I am interested in ttesting the validity of online polling, under which the assumption is made that the set of participation in a poll is defined by the persons who view the website for other reasons, and who participate in the poll based upon their discovery of its presence.

I am especially interested in determining the validity of such a sample when affected by a self-selection bias, particularly when a subset of participants with a predetermined answer to a poll, is selected by self-recruitment - that is, by other means than discovery only upon visitation of the website, such as mutual e-mail notification.

To what degree can such participants bias the results of the poll, in comparison to their relative participation?

Any thoughts on approach?

Nothing apart from appreciating

Heckman was is smart, yes. why doesnt he make his model clear for public consumption. Its too mathematical.

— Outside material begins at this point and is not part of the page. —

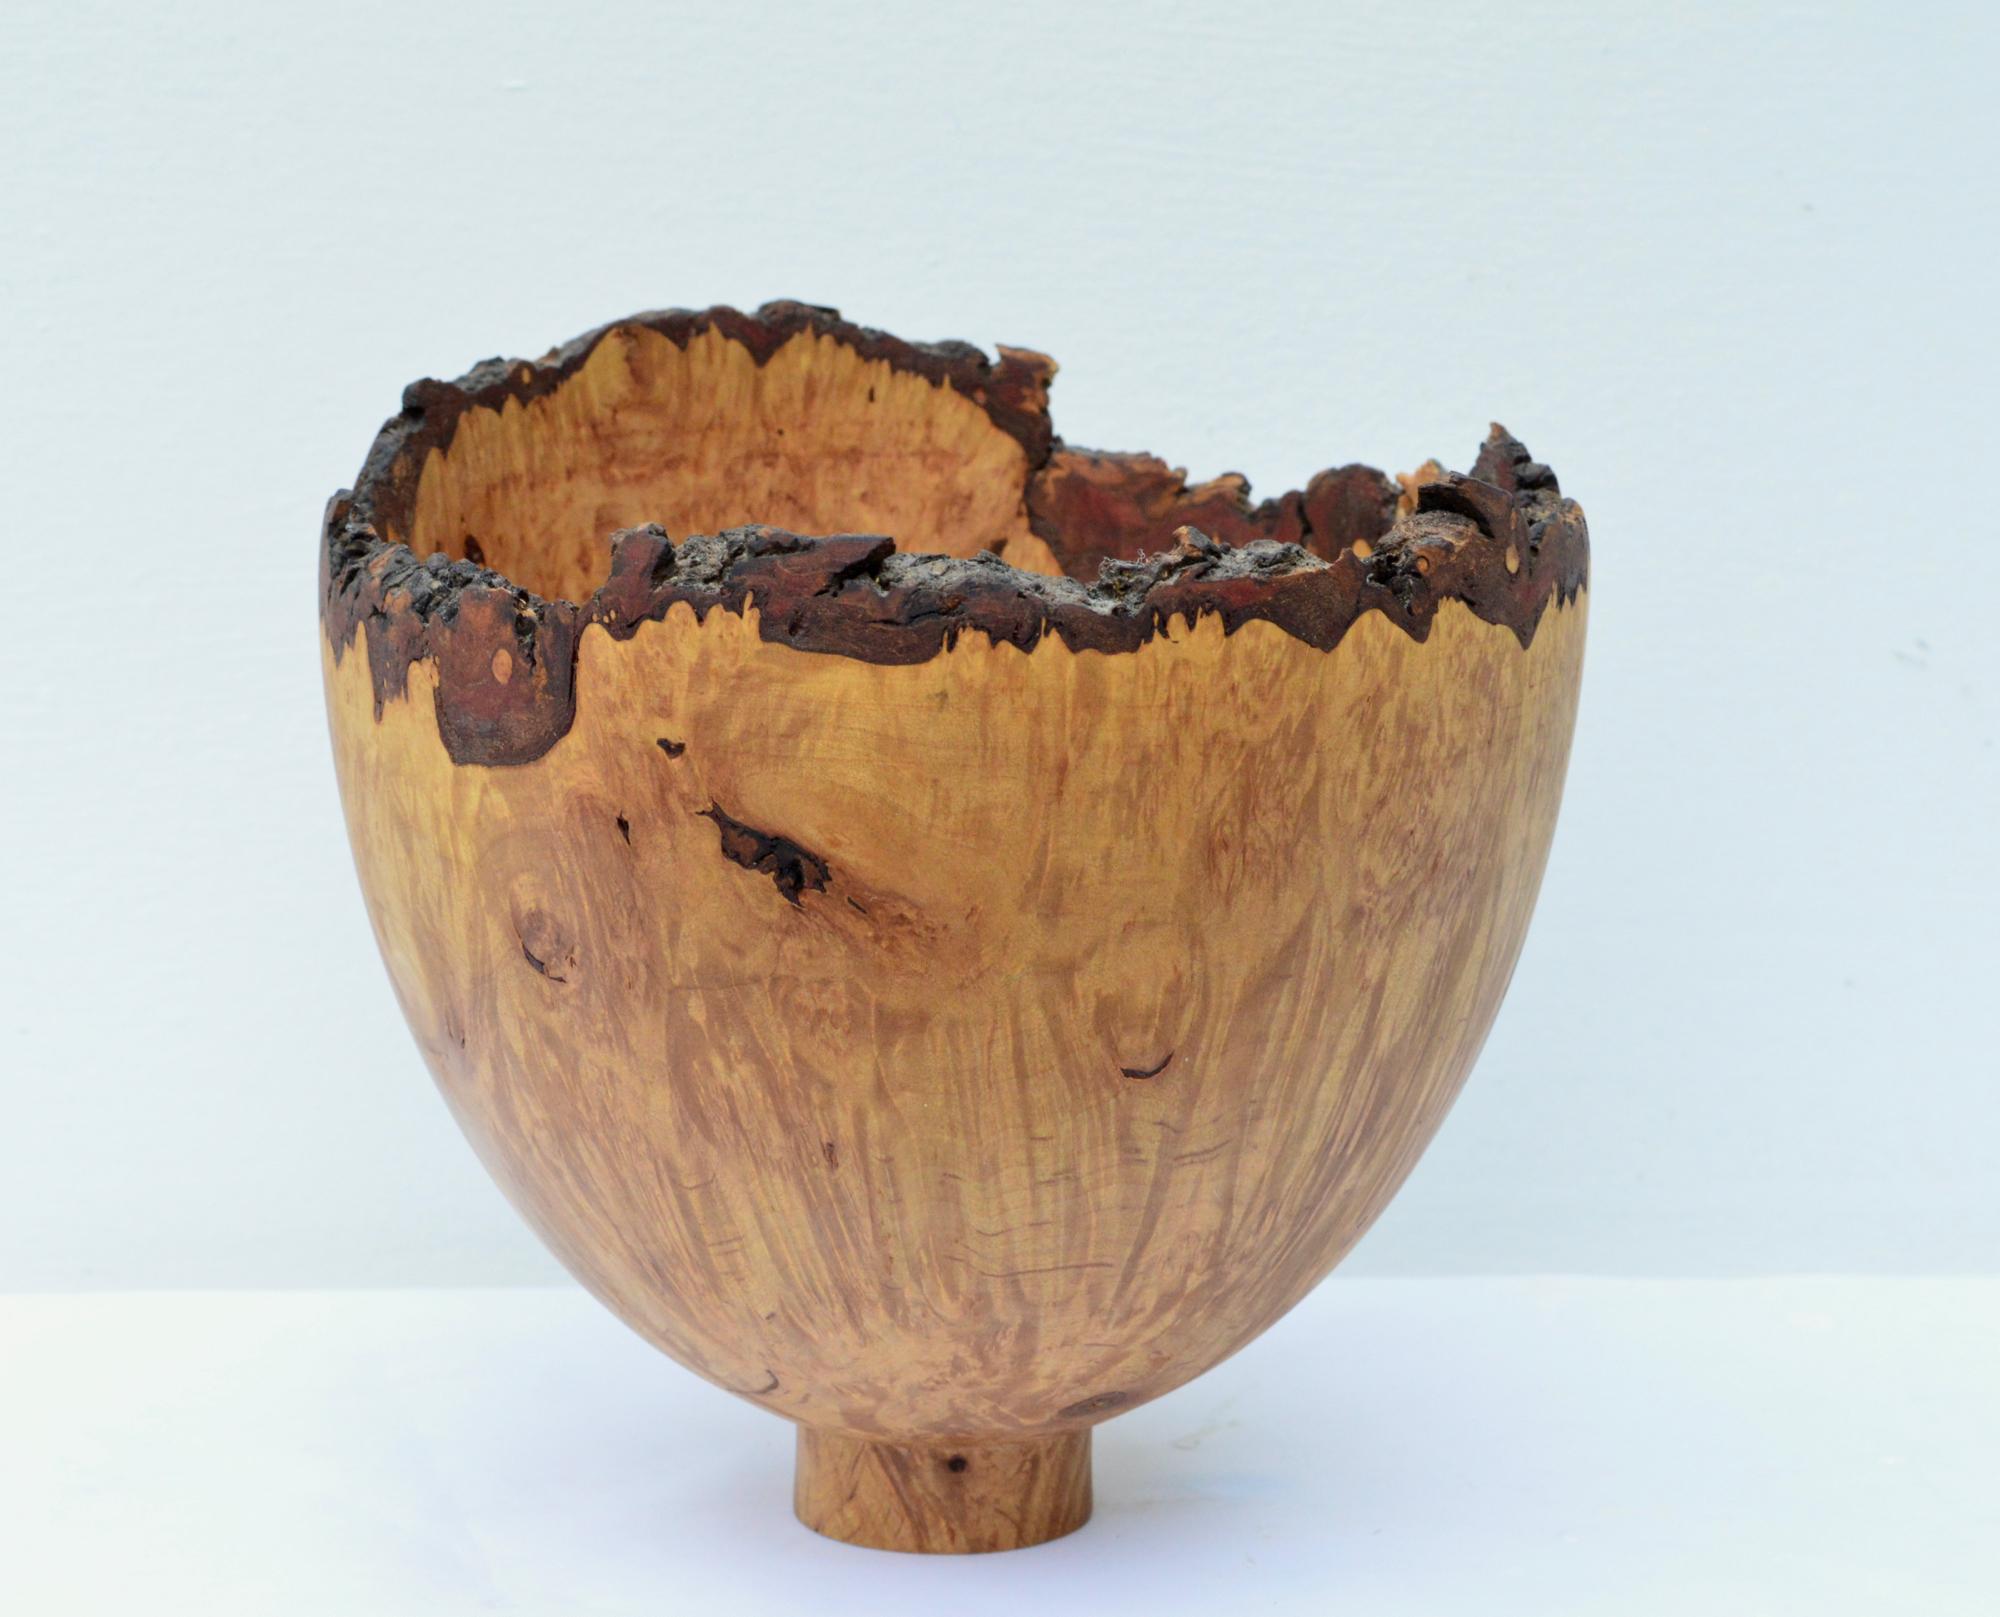 A breathtaking studio made decorative bowl of maple burl by DH Booth. Organic modern style with high end Craft aesthetic, this decorative wood compote will set ablaze your favorite bookshelf or coffee table vignette. Signed and dated underneath.

Stephen mpumwire, Fortfortal

From "invalid" to "wrong".

I am changing one word in the first paragraph again. Conclusions drawn from statistical analysis are inductive, not deductive. As such, inductive arguments exhibit a valence of strength. The language of logic dictates that deductive arguments are either valid or invalid, and either sound or unsound. Since only deductive arguments have validity, it does not make sense to refer to statistical inductive arguments as valid. It makes sense to refer to statistical arguments that suffer from a selection bias as weak. Weak arguments are inductive in nature and are not likely to preserve truth. Kanodin 09:35, 9 July 2007 (UTC)[reply]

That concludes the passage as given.